Spreadex Market Update

Reports of Tsipras climb down helps markets climb up




However, the minor changes found in Greece’s own new proposal (including the maintenance of island tax breaks alongside a slower implementation a raised retirement age) apparently still contain elements that will be ‘hard to accept’ for the Eurozone’s finance ministers. It also leaves the question of what is actually happening with the referendum on Sunday up in the air.

Wolfgang Schauble took his usual intransigent position that nothing has changed and that there is no firm basis for more negotiations, especially before the referendum; the German finance minister’s hard-line approach to Greece has remained consistent throughout this saga, and satisfying him is one of the biggest roadblocks standing in the way of a deal. The swell of negative dispatches that began to greet the news, of which Schauble was very much a part, couldn’t completely dissuade investors from piling into the Eurozone indices, even if they did fall away from their initial intraday highs. Yet of course it also leaves the chance for a sharp correction if this is all proven to be hot air, as it has been so many times in the past.
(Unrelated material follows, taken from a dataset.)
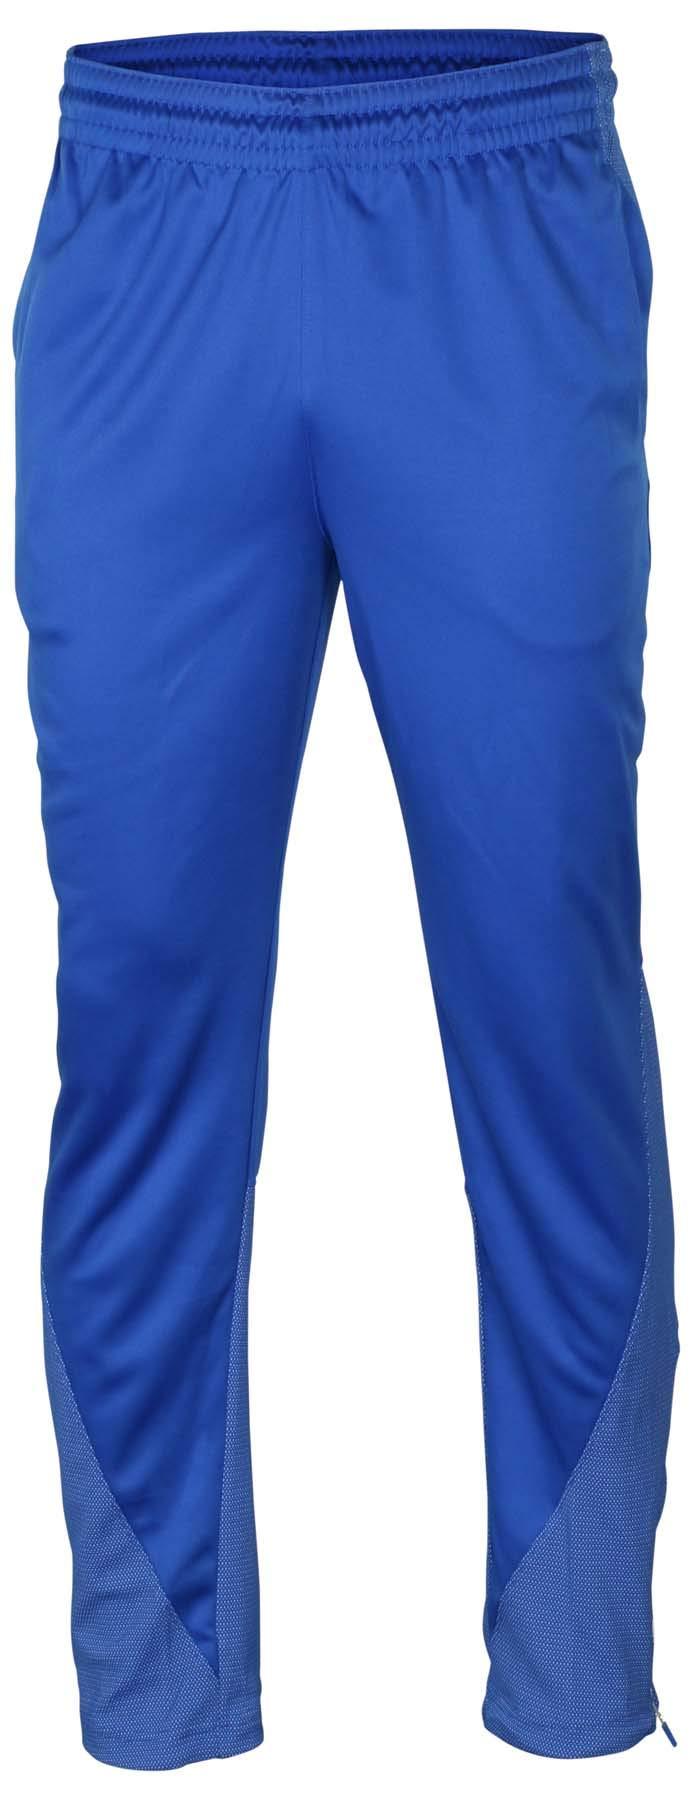 Nike Jordan Men's Flight Team Basketball Pants-Royal Blue-Medium by Nike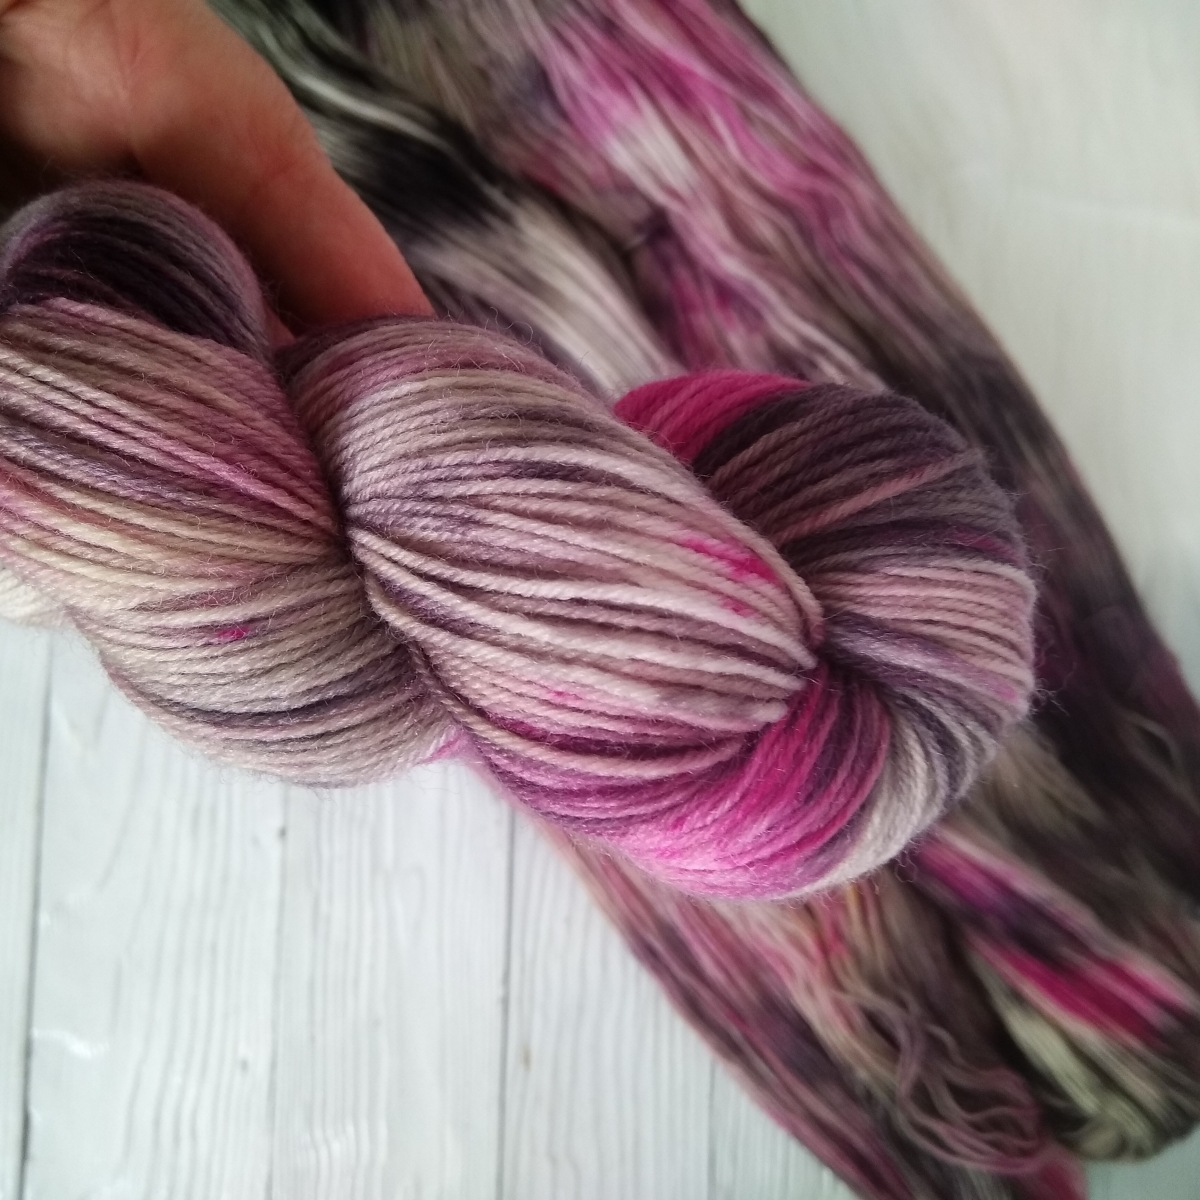 woodico.pro hand dyed yarn 037 1 1200x1200 - Hand dyed yarn / 037

The FTSE ran with the same Greek-deal eagerness as its continental cousins, jumping away from yesterday’s 5 and a half month lows in the process. The Tsipras-letter news came at the right time, allowing the index to ignore the UK’s worst manufacturing PMI for more than 2 years.

Whilst Europe attempts to decipher the latest deluge of Greek headlines, the US markets will have a solid afternoon of data to deal with. That blockbuster consumer confidence figure last night was the latest in a growing trend of hawkish data, a trend that will receive a rigorous work out with a double-whammy of manufacturing PMIs alongside the ADP non-farm number.